§ **Exercise data**:
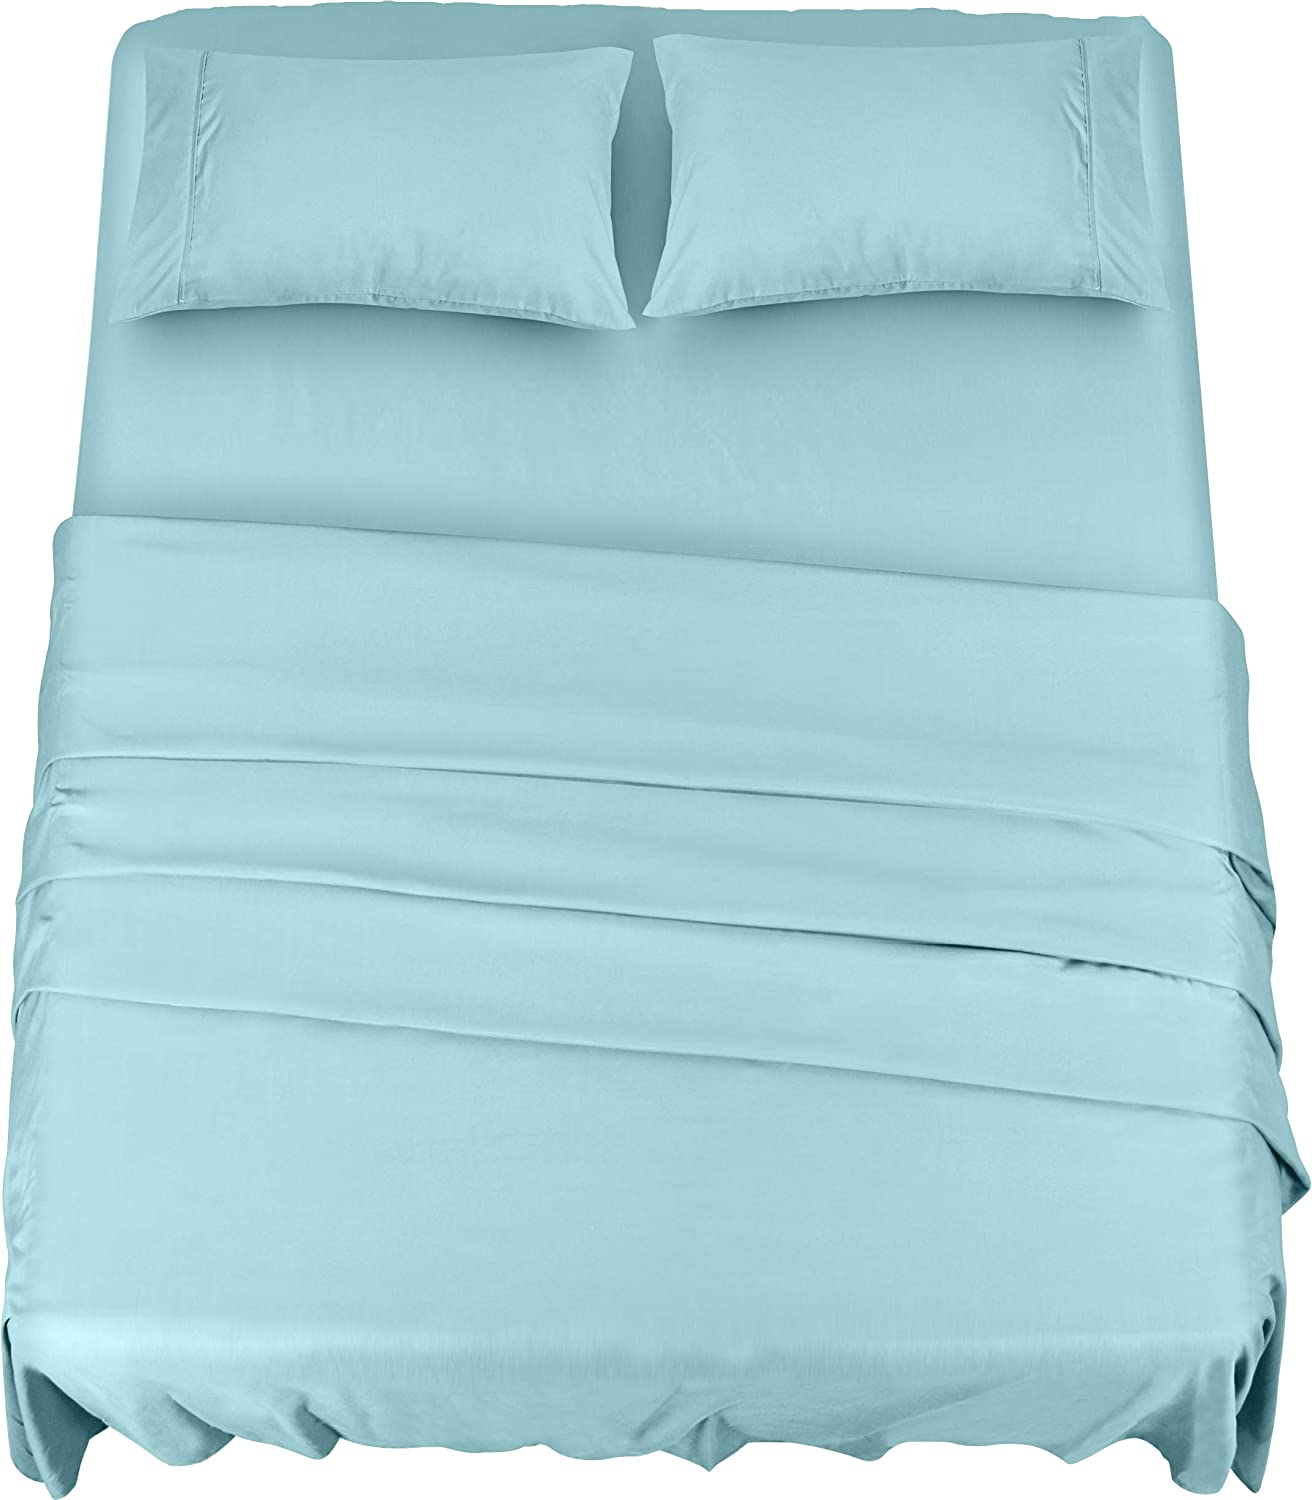 Utopia Bedding Bed Sheet Set - Brushed Microfiber 4 Piece Queen Bedding
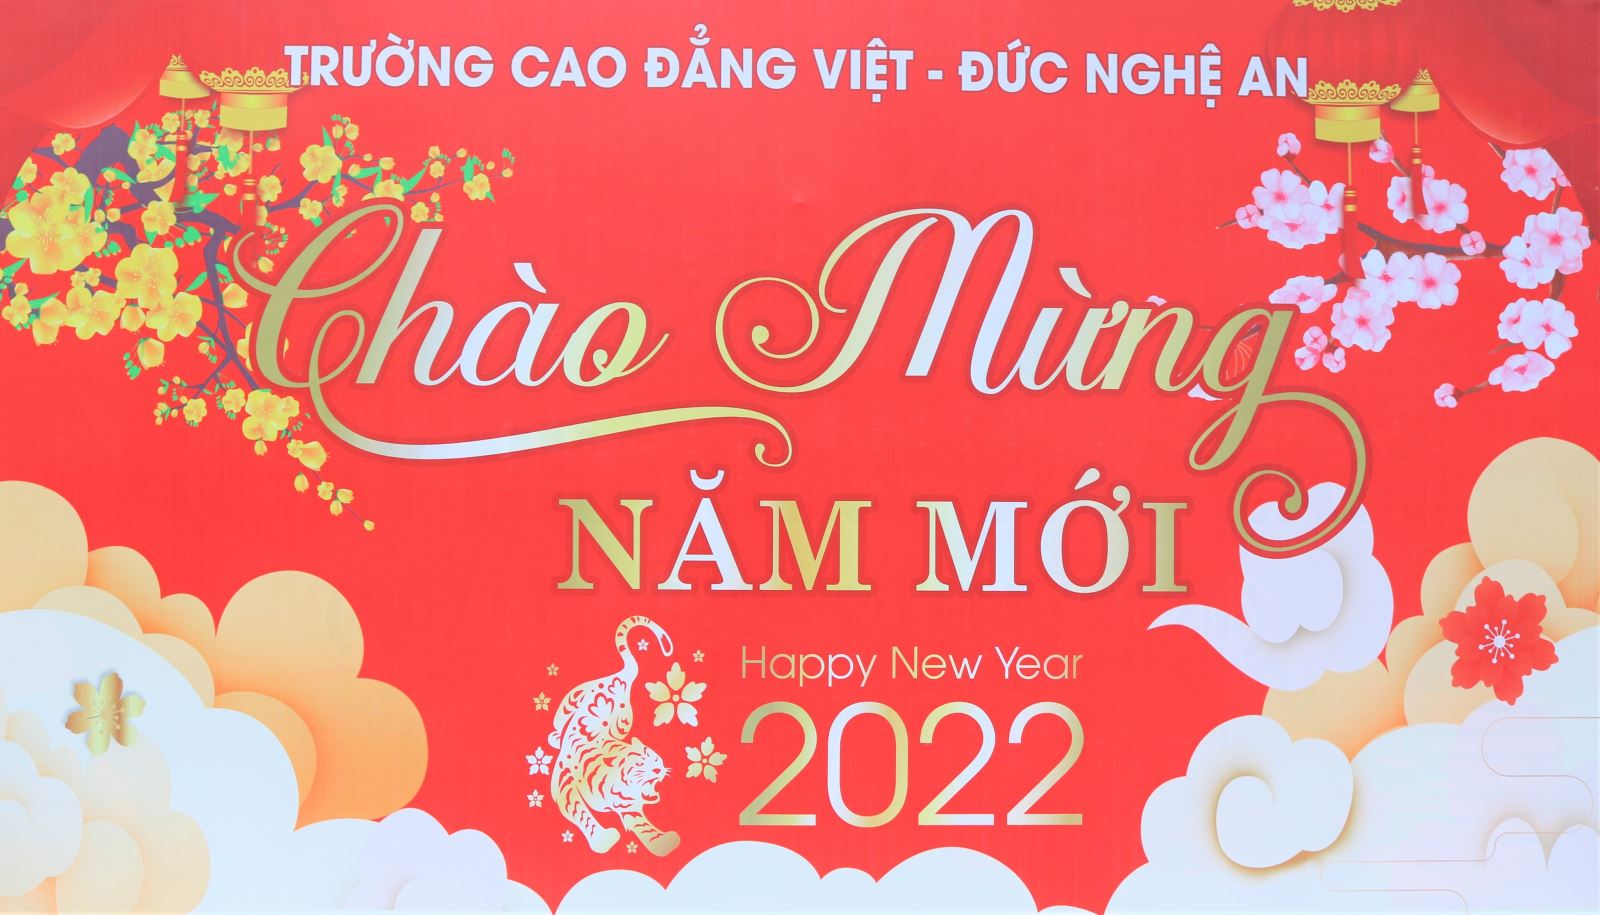  Tết Dương lịch - Chào năm mới 2022! – Năm mới, mục đích mới, ước mong mới và thành công mới!
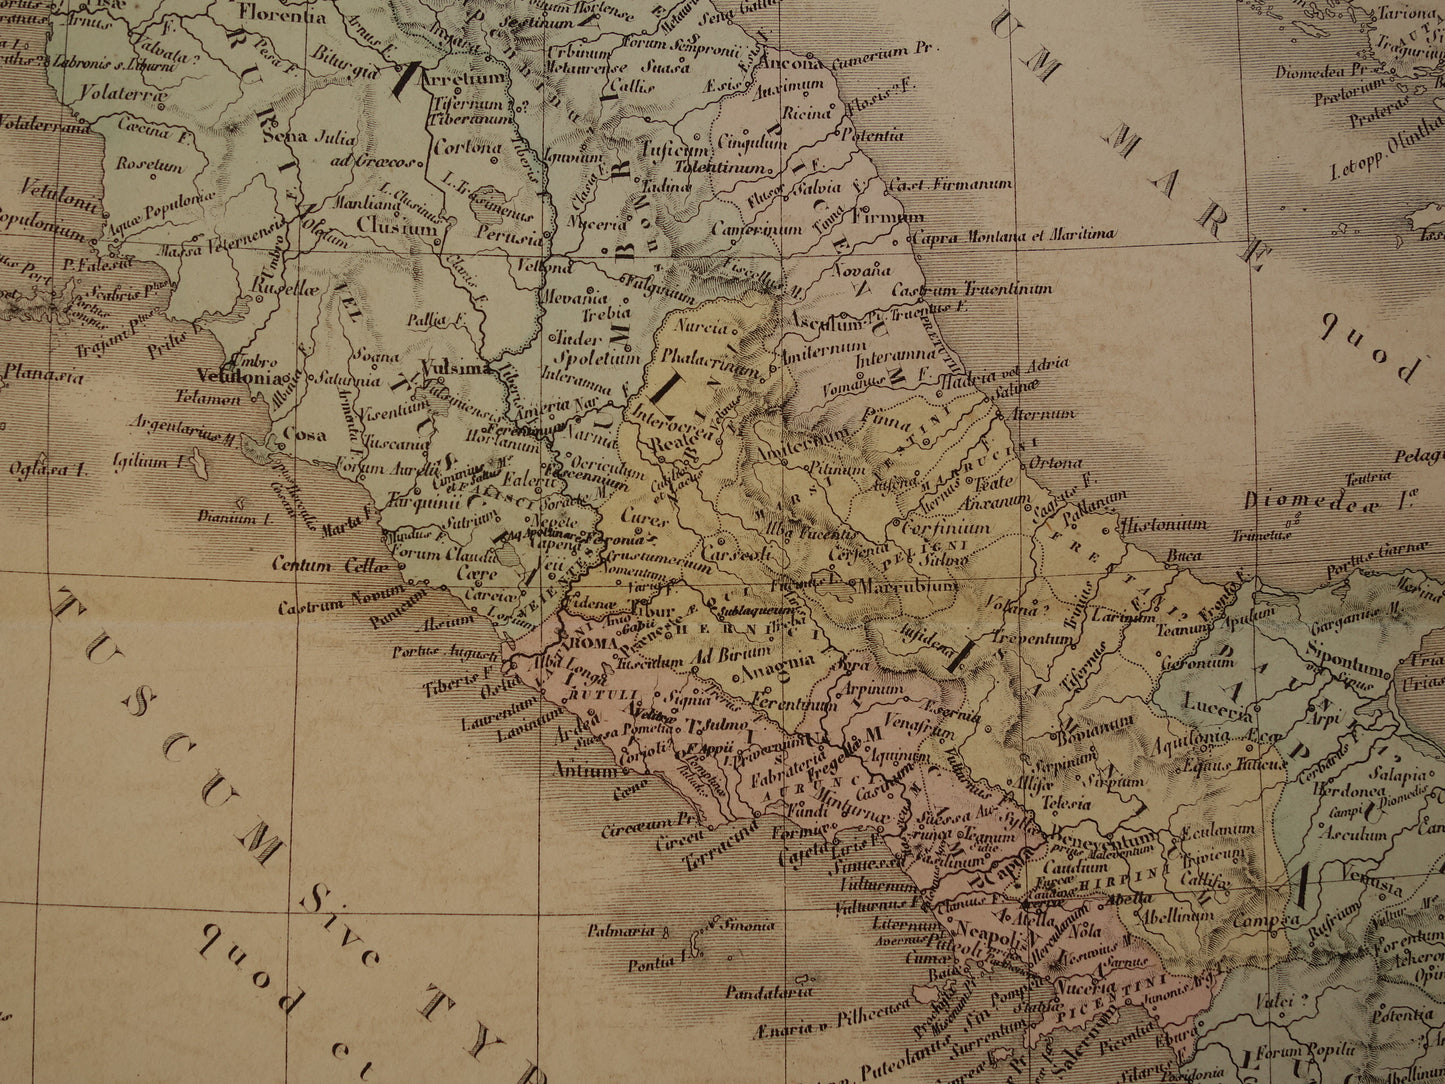 ITALIE grote oude Franse kaart van Italië in de klassieke oudheid uit 1875 originele antieke handgekleurde landkaart

§ **What the task requires**: Pictures are not part of the copy; transcribe the rest of the data verbatim.

§ **Output**:
 Utopia Bedding Bed Sheet Set - Brushed Microfiber 4 Piece Queen Bedding
  Tết Dương lịch - Chào năm mới 2022! – Năm mới, mục đích mới, ước mong mới và thành công mới!
 ITALIE grote oude Franse kaart van Italië in de klassieke oudheid uit 1875 originele antieke handgekleurde landkaart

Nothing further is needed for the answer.